Tiny Houses! In Maine

You must go to the website Perfect Little Houses right now.  Then go to Tumbleweed Houses and look at them.  The last place is Tiny Texas Houses.  Go on, I’ll wait.
Are they not AMAZING?  That is everything I want in a vacation home/compound.  I say compound because we have a brand new house we built in Maine last year on my H’s land.

Maine Casa

Cutest Maine house, sidewalk in progress

Isn’t that adorable?  It’s a 2/1 place, with a ton more room than it looks/sounds like. I am DYING to get in there and decorate/liven it up.

Anyway, my Big Idea is to rent the place as a summer vacation home to other people until such time as we can use it ourselves.  And then, I want to add on via various small buildings, much the way the home in this post looks to have done.
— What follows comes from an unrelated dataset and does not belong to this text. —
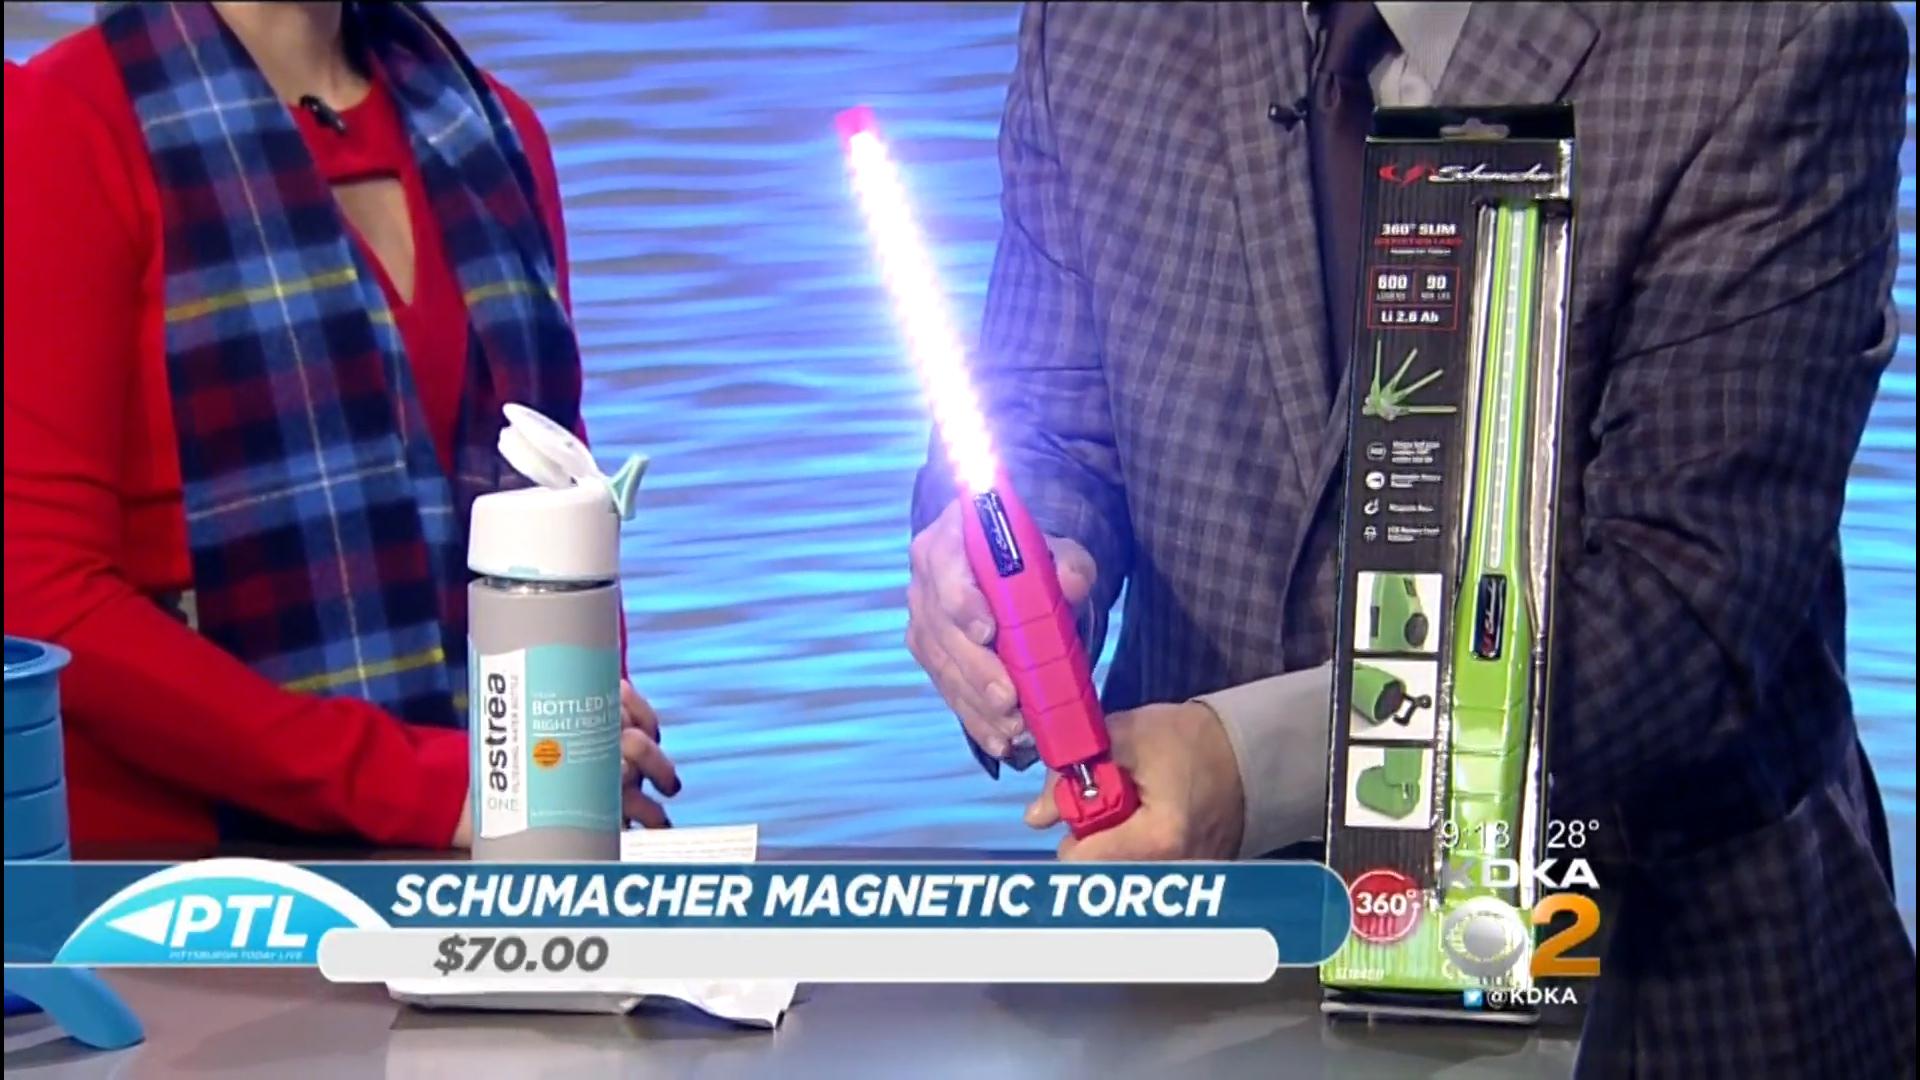 SCHUMACHER SL184GU MAGNETIC TORCH - $70.00Shop Now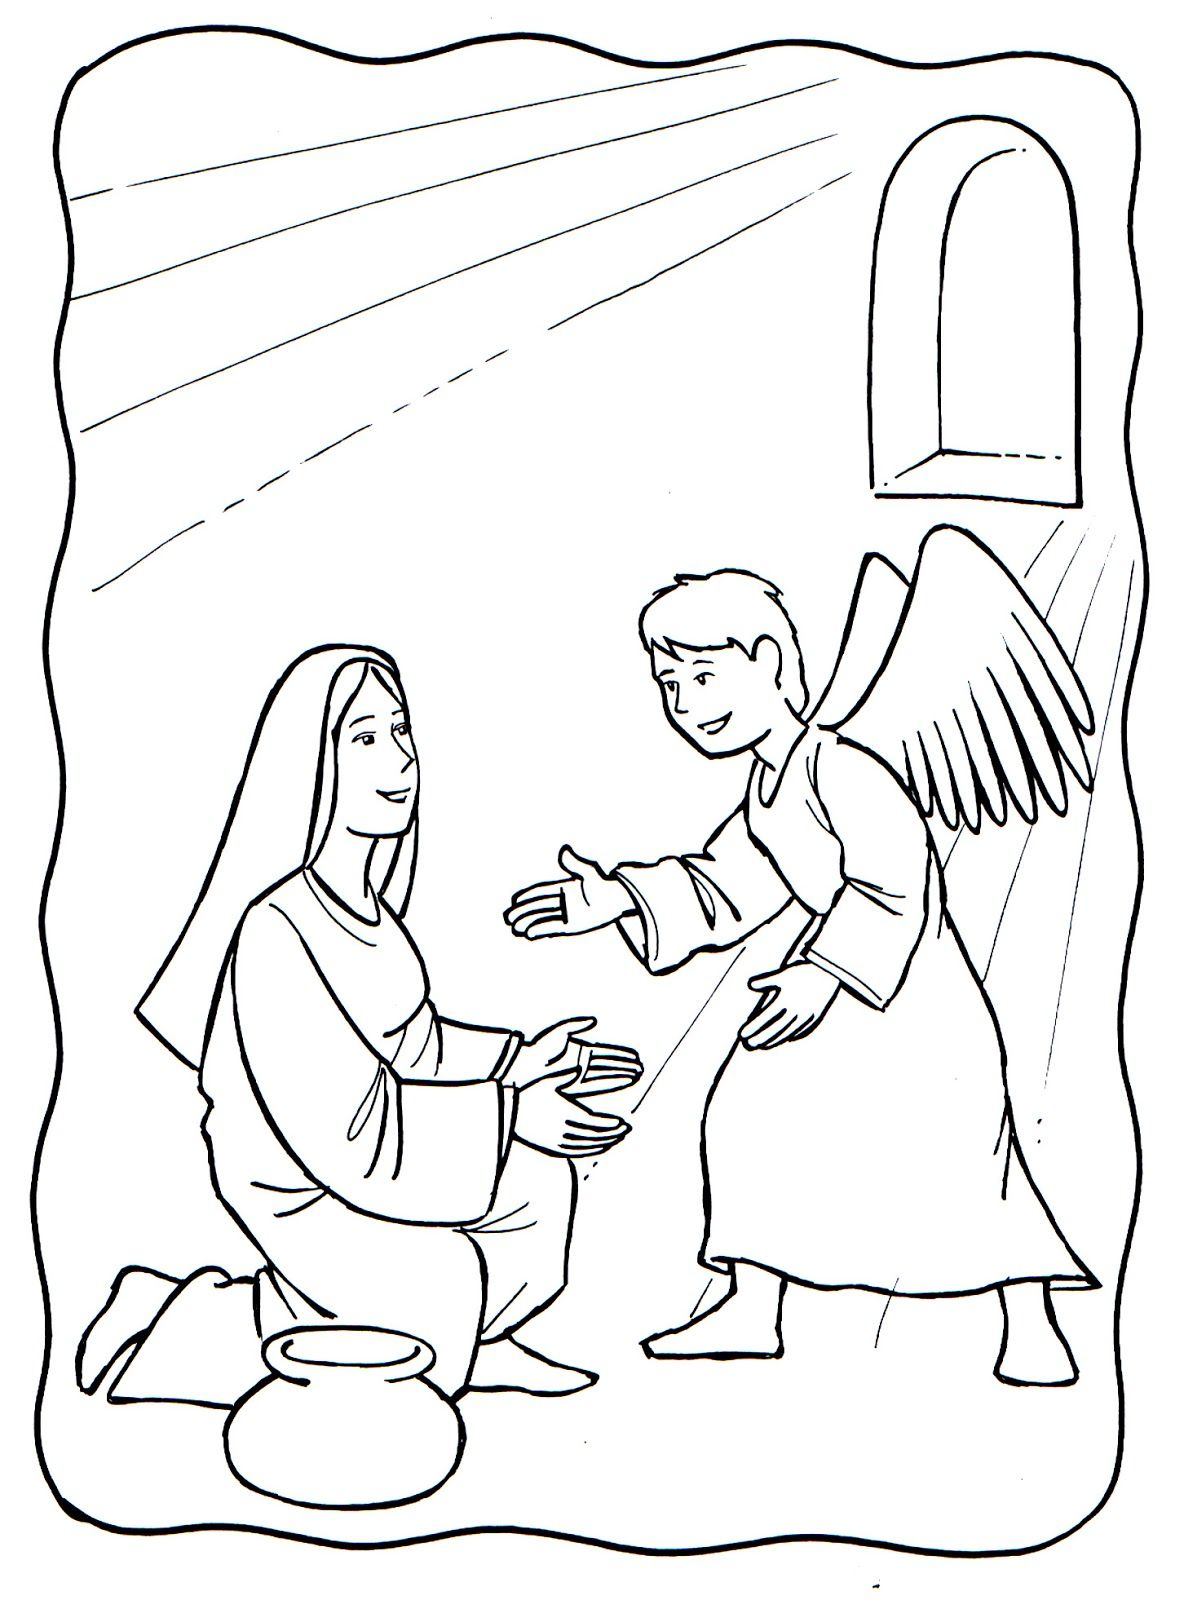 Resultado De Imagen Para Dibujo De La Anunciacion Del Angel Gabriel A Maria Sunday School Coloring Pages Angel Coloring Pages Bible Coloring Pages

So I’ve been looking at ways we could add on and give us additional cottages to bring in rental income, as well as places for my family to come up and enjoy the fabulous summer weather up there (it’s like a Texas Spring, in July).

And sincerely, I can’t get this sweet cottage setup out of my mind. I even like the odd angling of the outbuilding.  I know we’ll add a garage with an apartment above it first, and after that, I’m sure I’ll have more ideas than I know what to do with.

For now though, I’m forced to make plans from afar for the grounds, the interior, and then I can probably move on to more concrete decisions about fictional outbuildings.  I’m planning on two, one for my parents and one for my best friend and brother to split time at.

After seeing the tiny houses, do you have the urge to buy a property and just fill it with them?  I am dying to build one, they’re so small that I think we could do it on our own without subcontracting anything beyond the required plumbing/electricity.
Would you rent one if there were other renters you didn’t know at the same compound?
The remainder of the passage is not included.